Task brief | From the line that contains "017 Personal Essay" through the line that contains "Diana-Kotb-Atlas-Jacket-Stripe-Time-Piece-Skirt-Navy-02", output every line of the listing below exactly and leave out all the rest.

--- START ---

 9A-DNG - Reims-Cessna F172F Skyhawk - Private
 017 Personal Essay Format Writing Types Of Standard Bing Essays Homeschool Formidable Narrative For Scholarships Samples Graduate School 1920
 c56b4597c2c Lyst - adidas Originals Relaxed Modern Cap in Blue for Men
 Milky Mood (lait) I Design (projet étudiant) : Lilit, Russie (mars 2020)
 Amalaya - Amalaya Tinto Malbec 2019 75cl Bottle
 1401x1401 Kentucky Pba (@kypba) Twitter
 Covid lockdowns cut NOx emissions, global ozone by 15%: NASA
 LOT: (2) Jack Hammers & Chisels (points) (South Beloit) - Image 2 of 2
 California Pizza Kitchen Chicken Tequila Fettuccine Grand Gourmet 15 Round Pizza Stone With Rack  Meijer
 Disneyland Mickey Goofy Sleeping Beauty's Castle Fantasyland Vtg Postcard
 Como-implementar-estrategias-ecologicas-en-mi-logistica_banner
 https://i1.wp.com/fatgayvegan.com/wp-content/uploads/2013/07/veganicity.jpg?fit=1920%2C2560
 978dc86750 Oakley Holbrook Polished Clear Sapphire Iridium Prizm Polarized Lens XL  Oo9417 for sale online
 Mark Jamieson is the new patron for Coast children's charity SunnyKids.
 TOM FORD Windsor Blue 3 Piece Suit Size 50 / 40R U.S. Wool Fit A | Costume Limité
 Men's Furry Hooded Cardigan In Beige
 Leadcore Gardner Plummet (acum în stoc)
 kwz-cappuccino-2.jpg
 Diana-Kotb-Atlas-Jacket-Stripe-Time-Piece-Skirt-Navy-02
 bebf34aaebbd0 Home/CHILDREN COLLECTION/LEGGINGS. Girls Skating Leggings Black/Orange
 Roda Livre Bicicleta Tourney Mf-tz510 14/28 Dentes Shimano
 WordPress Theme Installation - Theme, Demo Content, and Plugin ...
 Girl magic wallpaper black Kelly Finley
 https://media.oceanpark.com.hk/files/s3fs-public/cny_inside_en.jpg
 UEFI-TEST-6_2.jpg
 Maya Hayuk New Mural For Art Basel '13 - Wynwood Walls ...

--- END ---

Response to this task |
 017 Personal Essay Format Writing Types Of Standard Bing Essays Homeschool Formidable Narrative For Scholarships Samples Graduate School 1920
 c56b4597c2c Lyst - adidas Originals Relaxed Modern Cap in Blue for Men
 Milky Mood (lait) I Design (projet étudiant) : Lilit, Russie (mars 2020)
 Amalaya - Amalaya Tinto Malbec 2019 75cl Bottle
 1401x1401 Kentucky Pba (@kypba) Twitter
 Covid lockdowns cut NOx emissions, global ozone by 15%: NASA
 LOT: (2) Jack Hammers & Chisels (points) (South Beloit) - Image 2 of 2
 California Pizza Kitchen Chicken Tequila Fettuccine Grand Gourmet 15 Round Pizza Stone With Rack  Meijer
 Disneyland Mickey Goofy Sleeping Beauty's Castle Fantasyland Vtg Postcard
 Como-implementar-estrategias-ecologicas-en-mi-logistica_banner
 https://i1.wp.com/fatgayvegan.com/wp-content/uploads/2013/07/veganicity.jpg?fit=1920%2C2560
 978dc86750 Oakley Holbrook Polished Clear Sapphire Iridium Prizm Polarized Lens XL  Oo9417 for sale online
 Mark Jamieson is the new patron for Coast children's charity SunnyKids.
 TOM FORD Windsor Blue 3 Piece Suit Size 50 / 40R U.S. Wool Fit A | Costume Limité
 Men's Furry Hooded Cardigan In Beige
 Leadcore Gardner Plummet (acum în stoc)
 kwz-cappuccino-2.jpg
 Diana-Kotb-Atlas-Jacket-Stripe-Time-Piece-Skirt-Navy-02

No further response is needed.